● **Task requirements**
Starting at the line with "White Modern Easy", copy each line through the last one below exactly as written, without any pictures.

● **Recorded data**
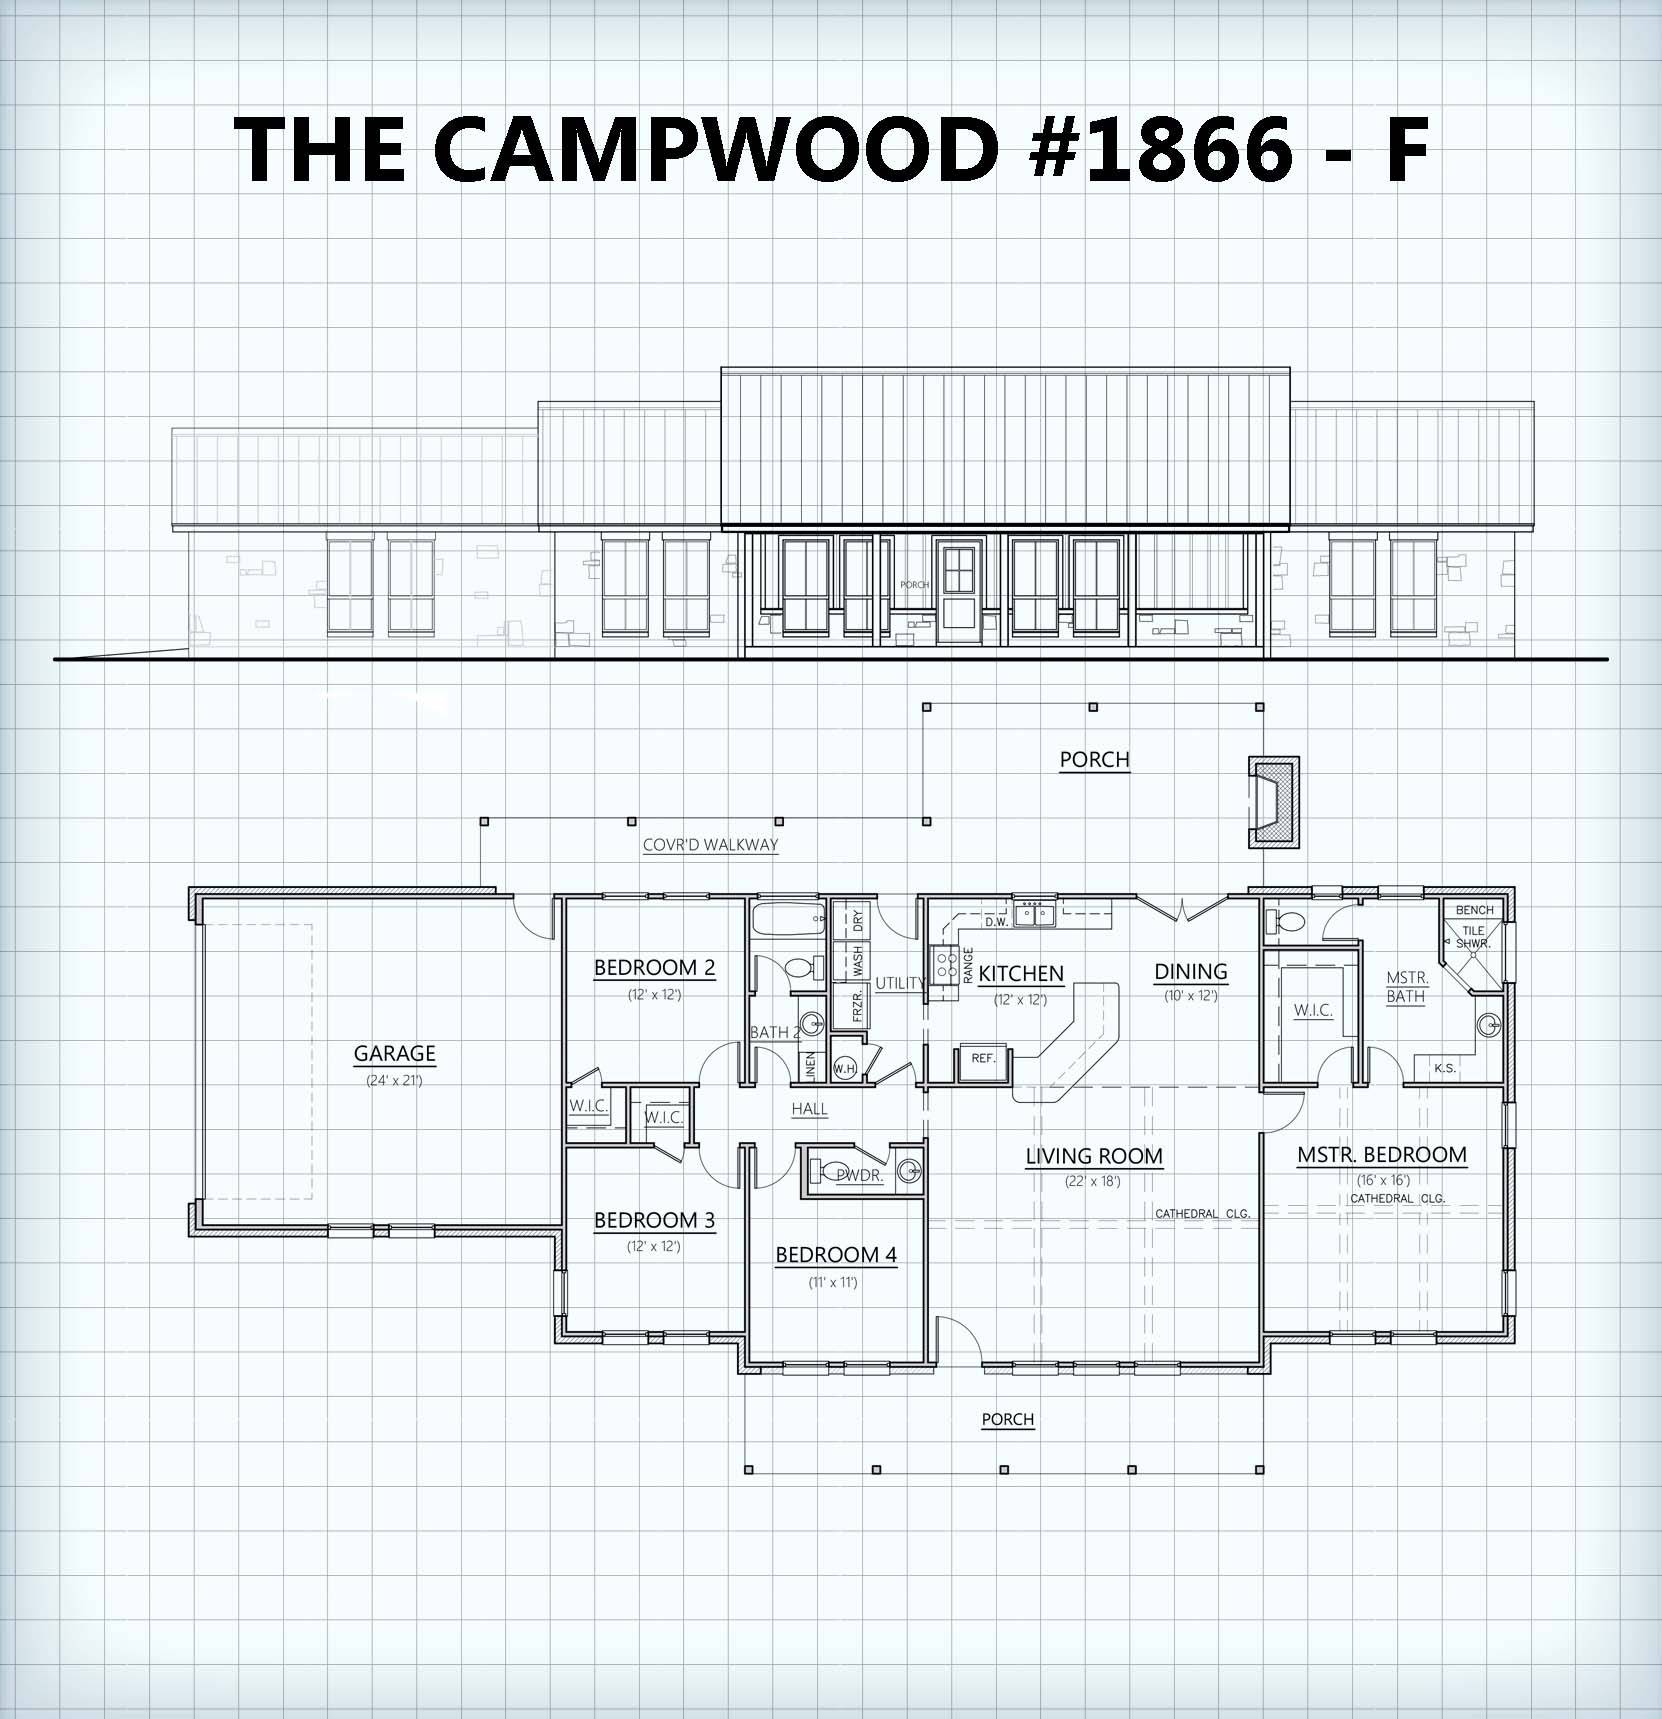 The Campwood 1866 F
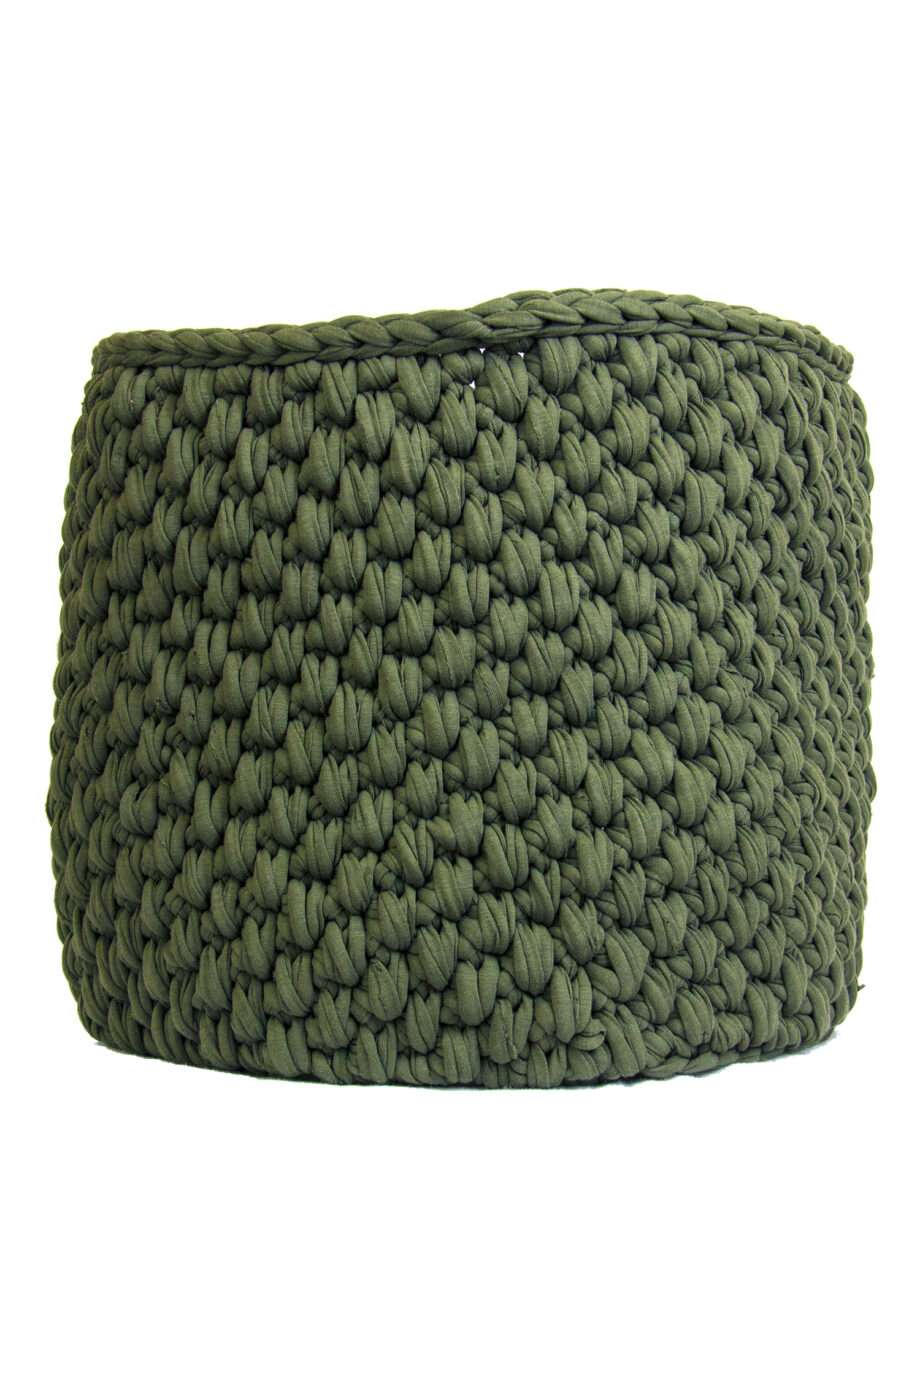 peony hunter green crochet cotton basket xlarge
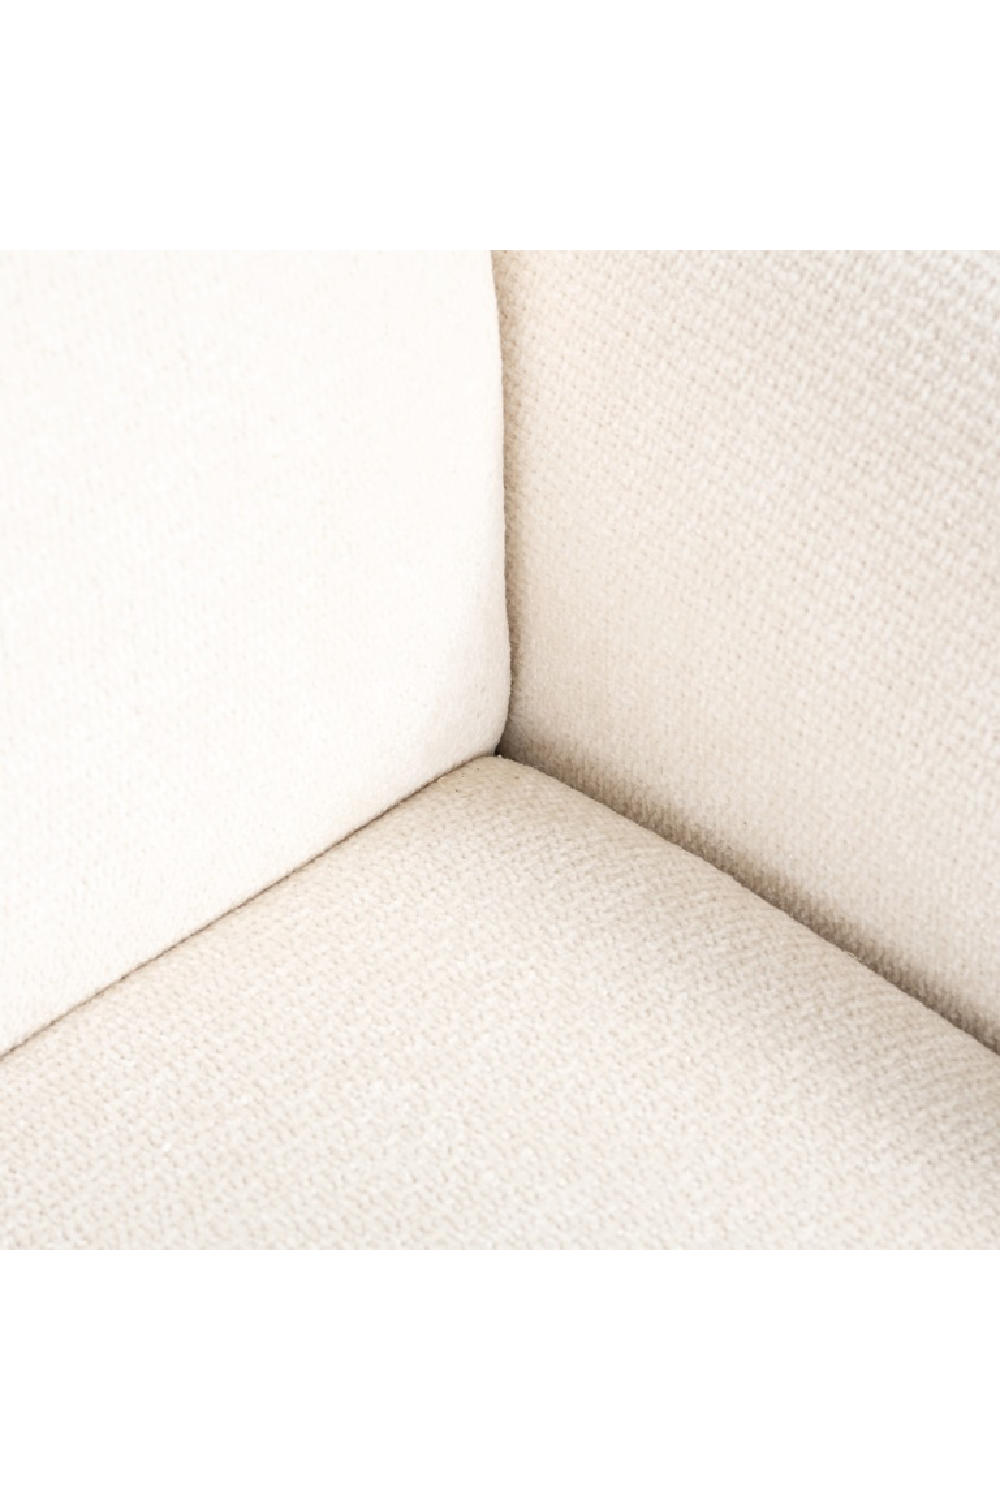 White Modern Easy Chair | OROA Boli | Oroa.com
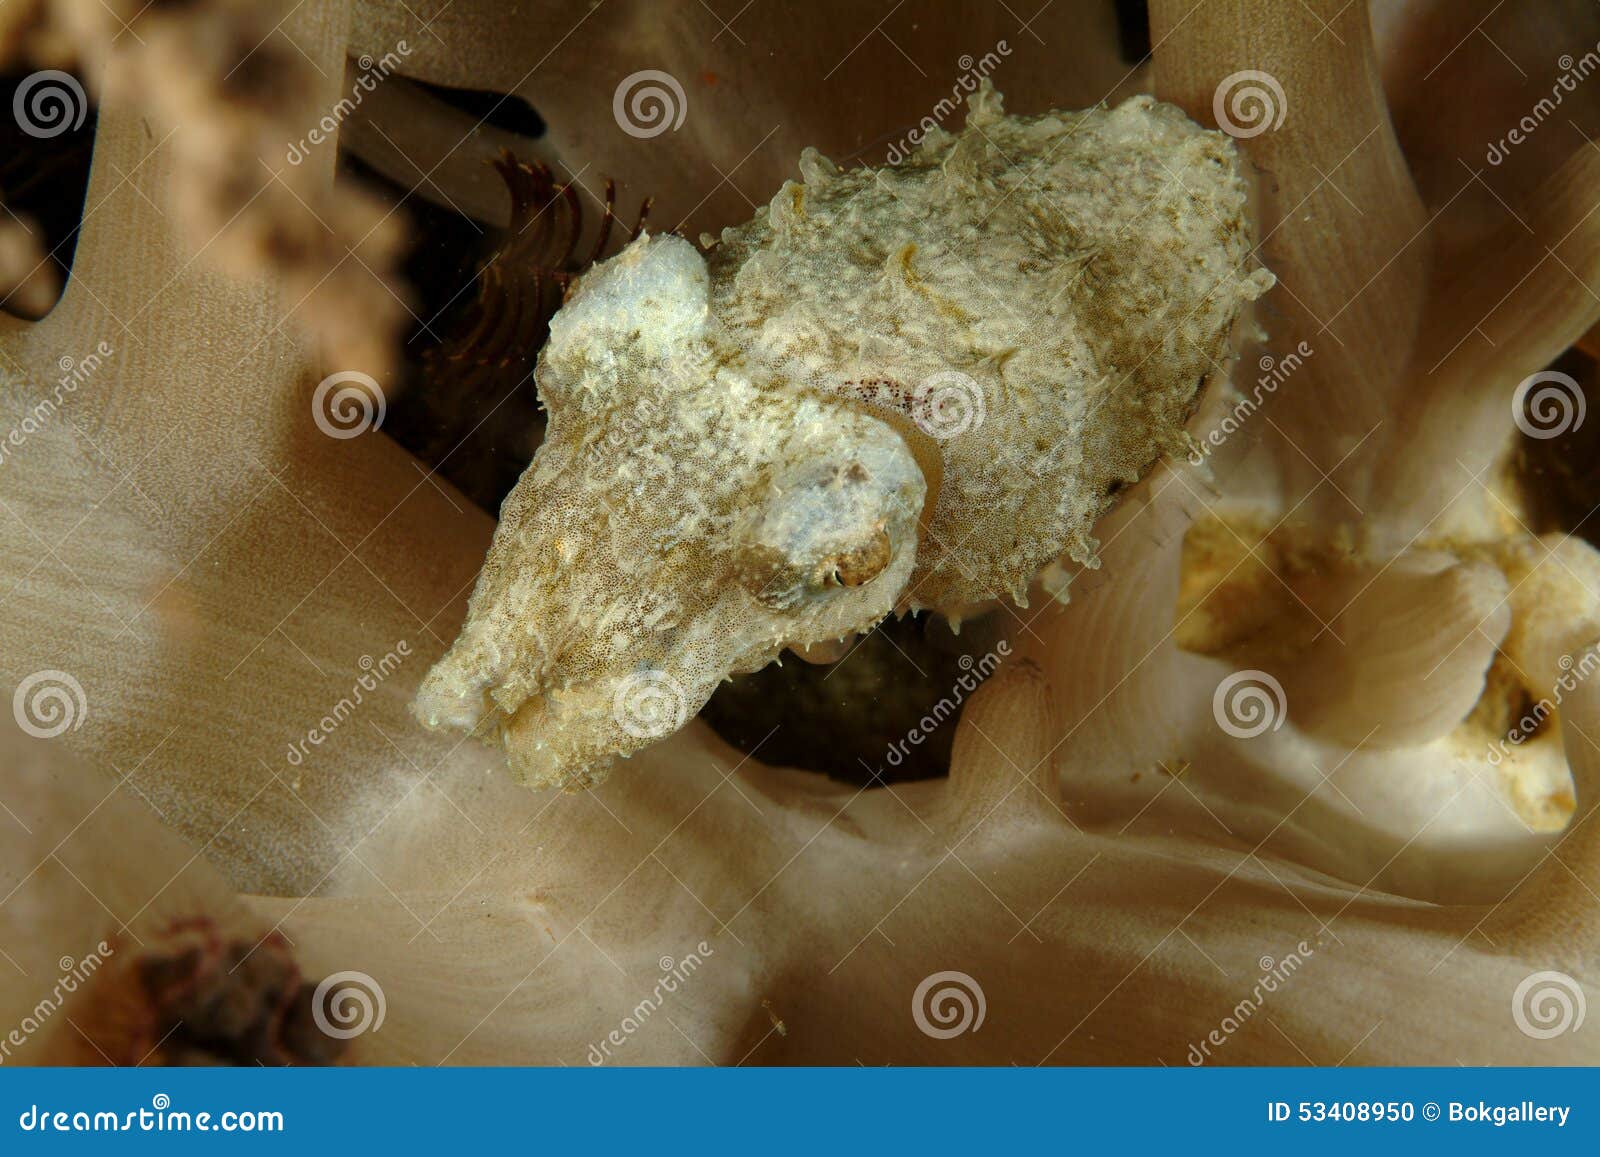 baby cuttlefish, perhentian island, terengganu

● **Task result**
 White Modern Easy Chair | OROA Boli | Oroa.com
 baby cuttlefish, perhentian island, terengganu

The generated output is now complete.